= BCDMOS =

Chip manufacturing technology

BCDMOS is a complex circuit composed of bipolar, CMOS and DMOS devices.

BCDMOS technology allows to drive discrete high voltage components (several hundred of operating voltage) at high frequency while keeping high integration with technology nodes down to 40 nm or 22 nm. Many applications still use process node of 0.35μm in 2023.
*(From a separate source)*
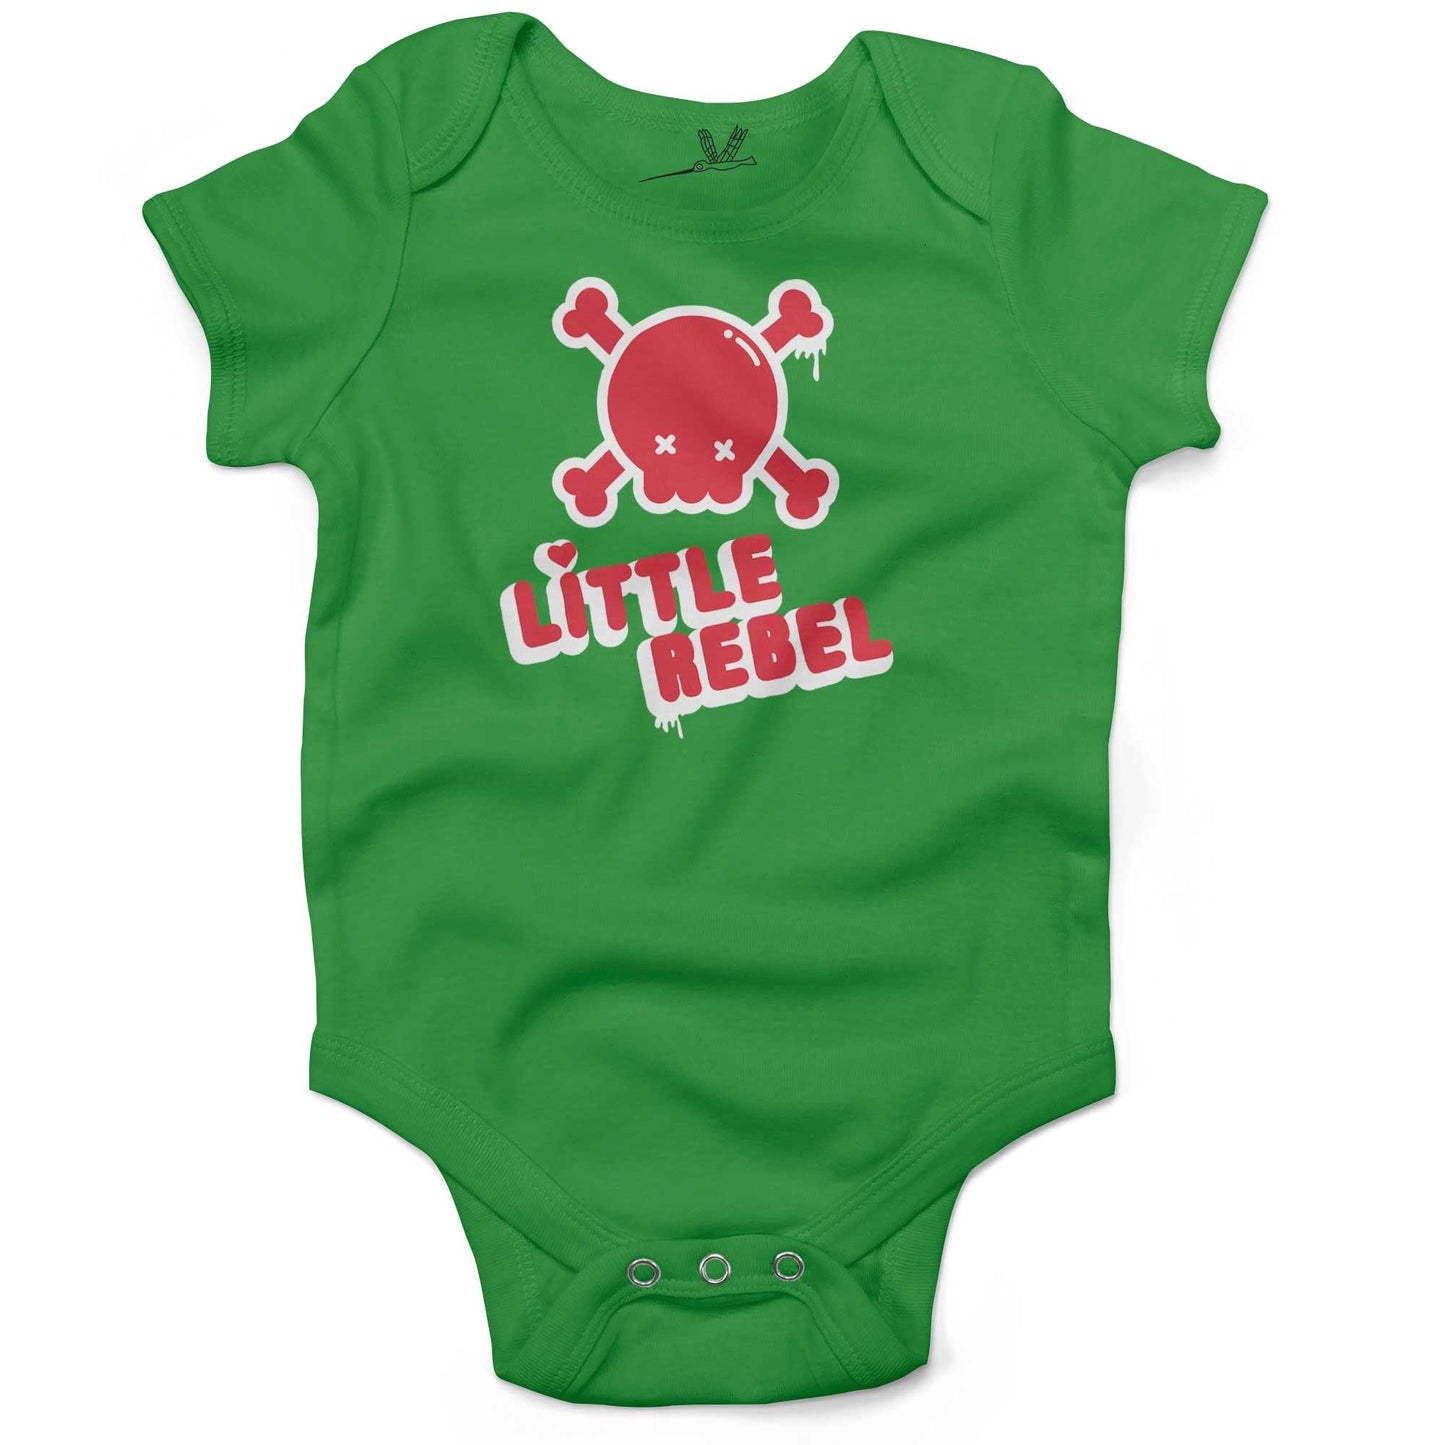 Little Rebel Infant Bodysuit or Raglan Baby Tee-Grass Green-3-6 months

Application of this type of circuits are found in automotive, audio amplifier, RF, industry, silicon photomultiplier (SiPM).

==History==
SGS (now STmicroelectronics) invented the BCD (bipolar-CMOS-DMOS) technology - revolutionary at the time - in 1985 and has continually developed it ever since. BCD is a family of silicon processes, each of which combines the strengths of three different process technologies onto a single chip.

==Features==
According to Maxim website, it is an innovative process characteristics that provides the following features:
1. high break-down voltage but small transistors,
2. quite low on-resistance, which is important for the integration of multiple power FETs of low resistivity,
3. double-metal-layer to support hi-current
4. combining thin film and poly-poly caps (in silicon). High-accuracy references can be integrated.
According to Dongbu HiTek's news, it claims to launch the first 0.18-micrometre BCDMOS process in industry. The new process integrates logic, analog and hi-voltage functions to reduce size.